_Exercise objective_.
In the entries below, find the line with "President Caid Essebsi" and the line with "Jewellers - Σκουλαρίκια"; reproduce those two lines and all lines between them exactly, without pictures.

_Data_.
'''
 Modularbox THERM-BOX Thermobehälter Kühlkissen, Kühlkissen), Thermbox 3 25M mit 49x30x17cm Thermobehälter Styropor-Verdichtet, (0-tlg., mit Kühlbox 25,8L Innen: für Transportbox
'''
'''
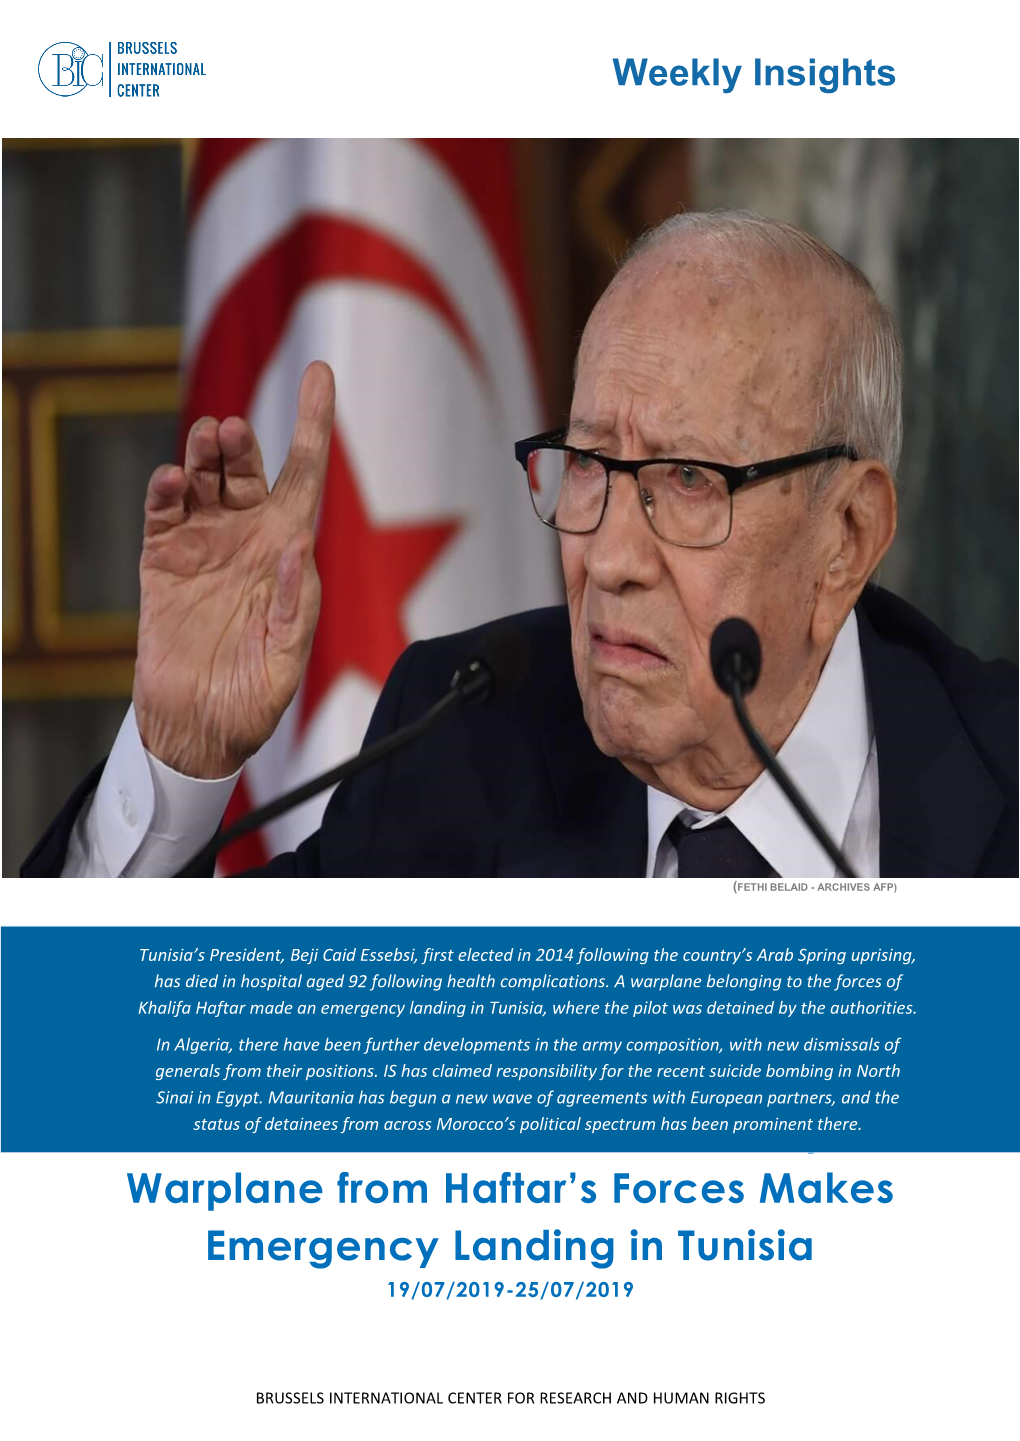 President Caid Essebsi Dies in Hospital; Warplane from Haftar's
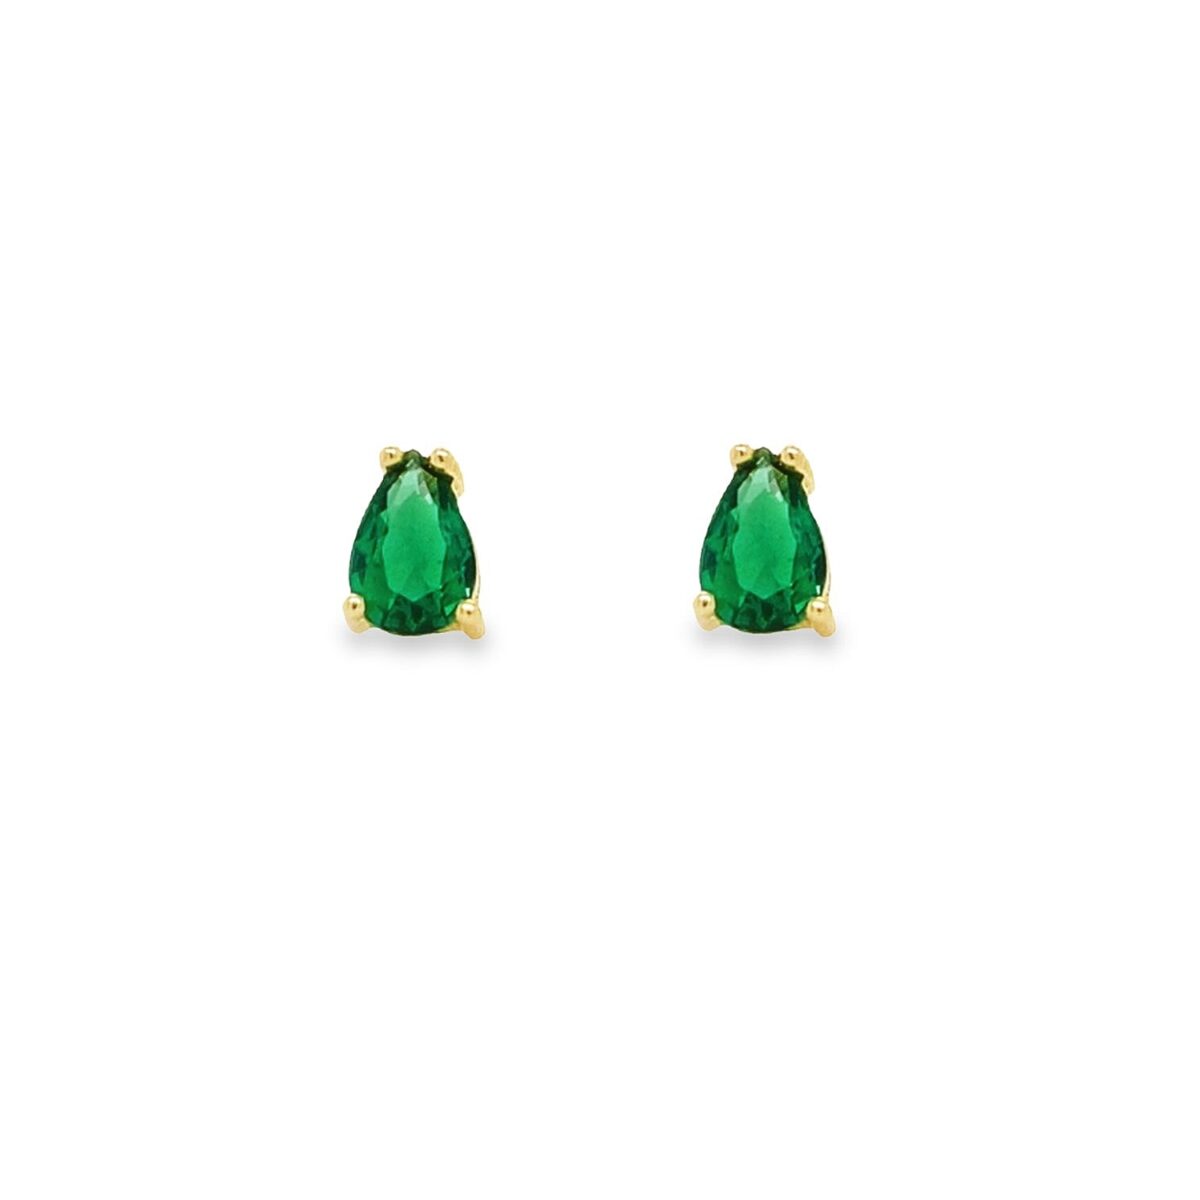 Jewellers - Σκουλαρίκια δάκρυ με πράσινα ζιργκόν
'''
'''
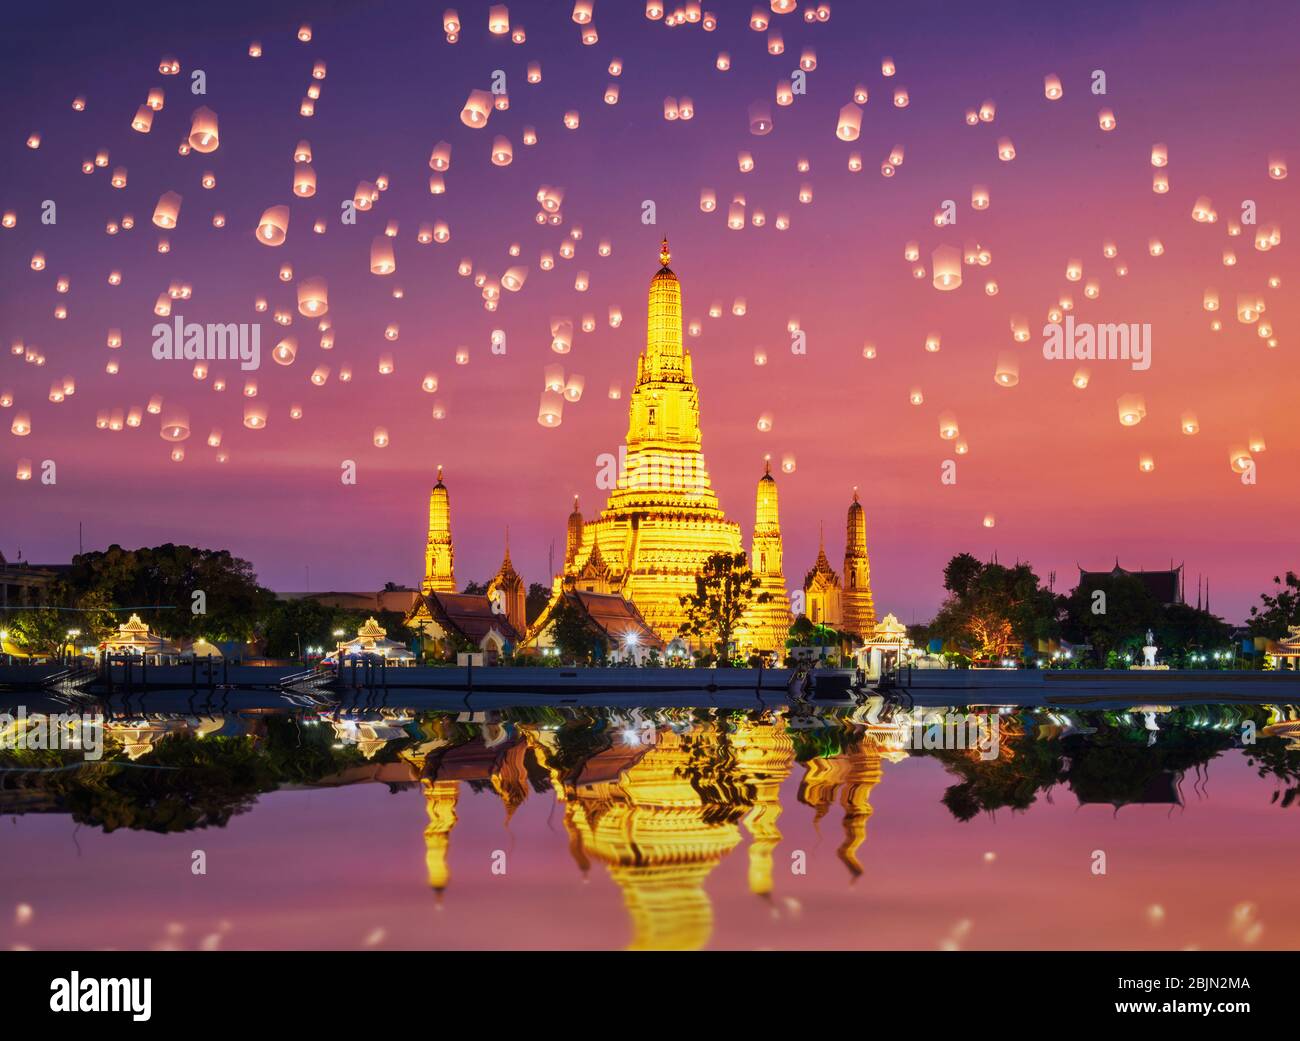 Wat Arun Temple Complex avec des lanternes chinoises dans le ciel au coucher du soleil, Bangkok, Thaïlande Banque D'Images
'''
_Worked solution_.
 President Caid Essebsi Dies in Hospital; Warplane from Haftar's
 Jewellers - Σκουλαρίκια δάκρυ με πράσινα ζιργκόν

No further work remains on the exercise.